STF reconhece racismo estrutural no Brasil e afasta tese de abandono estatal

STF reconhece racismo estrutural no Brasil e afasta tese de abandono estatal

O Plenário do Supremo Tribunal Federal reconheceu, nesta quinta-feira (18), a existência de racismo estrutural no Brasil e a necessidade de adoção de políticas públicas coordenadas para o enfrentamento das desigualdades raciais. Por maioria, no entanto, a Corte afastou o reconhecimento de um estado de coisas inconstitucional decorrente desse quadro.

O julgamento ocorreu na Arguição de Descumprimento de Preceito Fundamental (ADPF) 973, ajuizada em 2022 por partidos políticos após provocação da Coalizão Negra por Direitos. A ação pedia que o STF declarasse a existência de um estado de coisas inconstitucional relacionado ao racismo estrutural e determinasse a adoção de medidas para sanar violações sistemáticas a direitos fundamentais da população negra.

A análise do caso teve início em novembro de 2023, com a oitiva das partes e de entidades admitidas como amici curiae. O julgamento foi retomado em 26 de novembro de 2025, com o voto do relator, ministro Luiz Fux.

Inicialmente, o relator votou pelo reconhecimento do estado de coisas inconstitucional, ao apontar a persistência de indicadores sociais desfavoráveis à população negra em áreas como renda, educação, saúde, violência e encarceramento. Posteriormente, contudo, Fux reajustou seu voto para afastar essa declaração, entendimento que prevaleceu no Plenário.

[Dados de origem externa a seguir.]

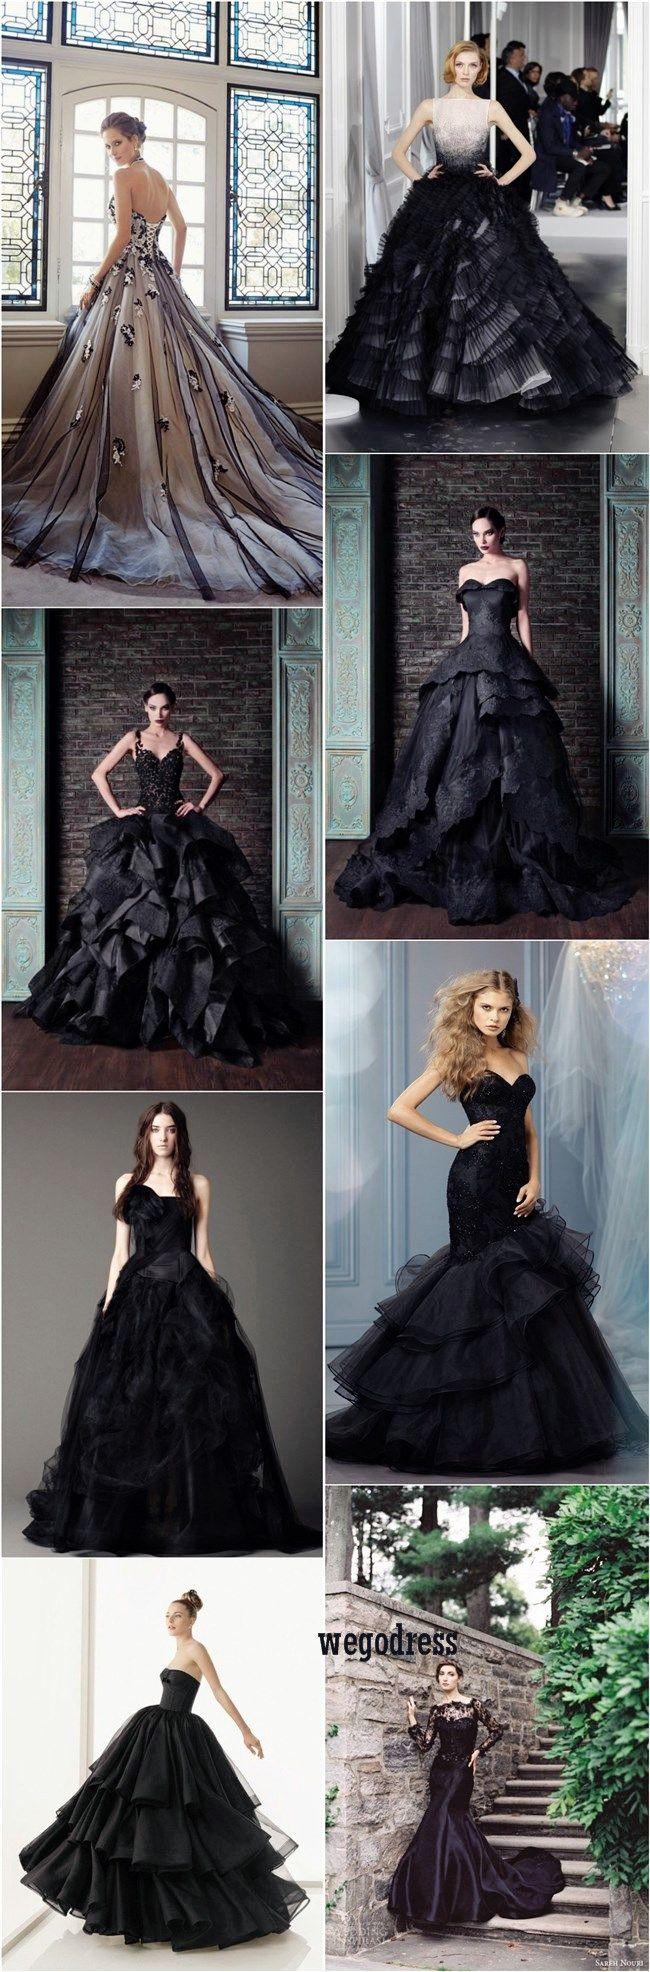 black wedding dress                                                                                                                                                                                 More
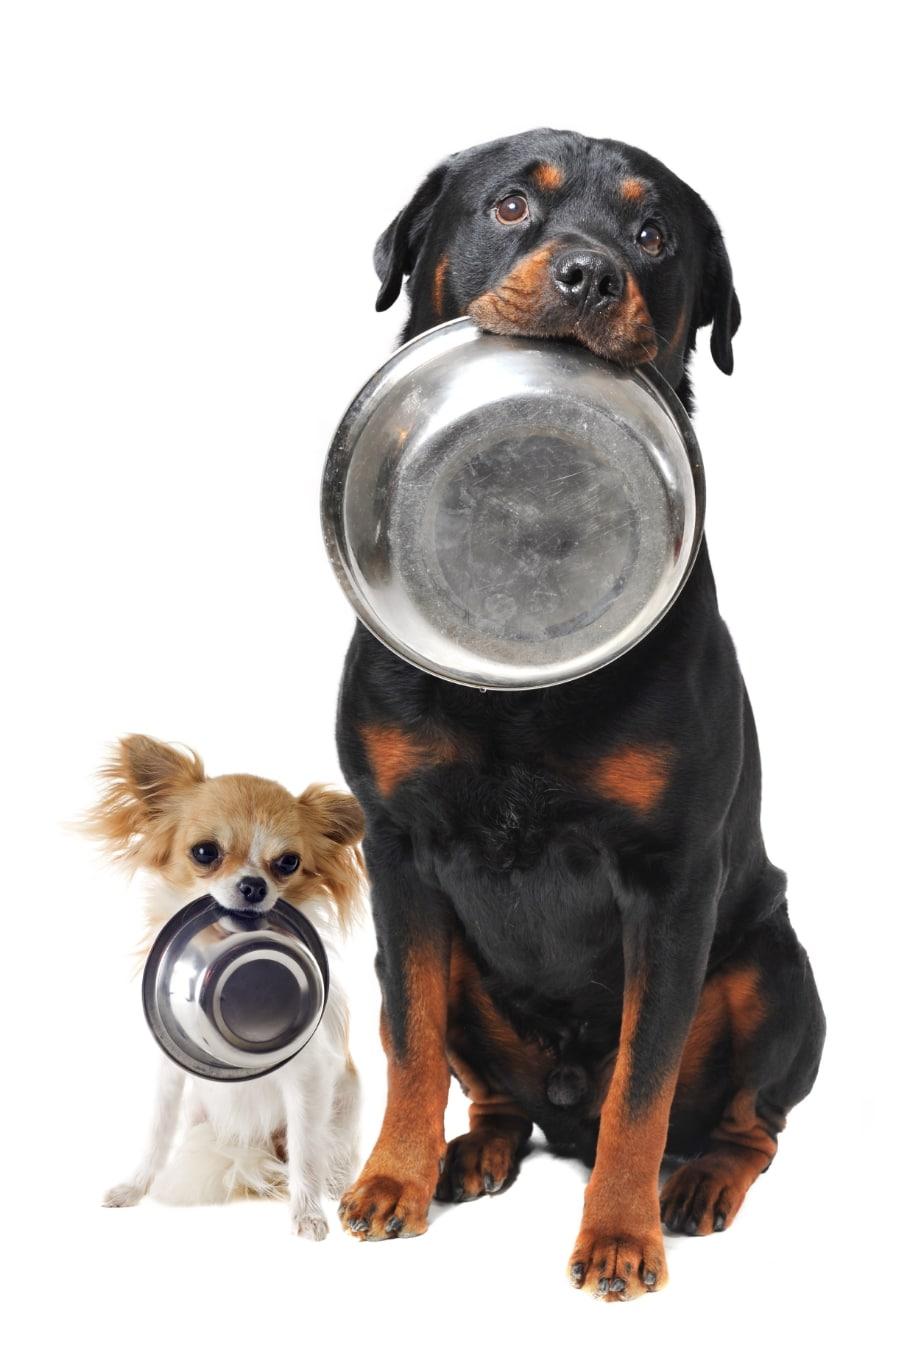 dog_arthritis_and_food-025372-edited

Apesar disso, a maioria dos ministros reconheceu que o racismo estrutural é uma realidade no país e que o poder público deve adotar medidas concretas para seu enfrentamento. O Supremo fixou tese determinando, entre outros pontos, a revisão ou elaboração de um Plano Nacional de Combate ao Racismo pelo Poder Executivo, a ser executado no prazo de até 12 meses.

Segundo a decisão, o plano deverá conter providências específicas de combate ao racismo estrutural, especialmente nas áreas de saúde, segurança alimentar, segurança pública e proteção da vida. Também deverão ser revistos procedimentos relacionados a políticas de cotas no acesso à educação e ao emprego, além da criação de instrumentos de monitoramento, com metas definidas.

A tese aprovada prevê ainda a criação de protocolos de atuação e atendimento de pessoas negras no âmbito do Poder Judiciário, das Defensorias Públicas e das autoridades policiais, com o objetivo de aprimorar o acolhimento institucional e enfrentar disparidades raciais.

No voto que afastou o estado de coisas inconstitucional, o ministro Gilmar Mendes reconheceu a existência de racismo estrutural e institucional, manifestado por práticas estatais que produzem impactos desproporcionais sobre a população negra. Para o decano, contudo, não estariam presentes todos os requisitos exigidos pela jurisprudência do STF para a declaração desse instituto, uma vez que há políticas públicas e marcos legais em vigor voltados ao enfrentamento do problema.

Último a votar, o presidente do STF, ministro Edson Fachin, ficou vencido nesse ponto. Ele acompanhou o relator em sua manifestação original e defendeu o reconhecimento do estado de coisas inconstitucional, ao destacar violações persistentes e generalizadas de direitos fundamentais da população negra, associadas a fatores históricos e à insuficiência das políticas públicas.

Com a formação da maioria, o Supremo reconheceu formalmente a existência de racismo estrutural no Brasil, mas concluiu que o quadro não autoriza, neste momento, a declaração de um estado de coisas inconstitucional.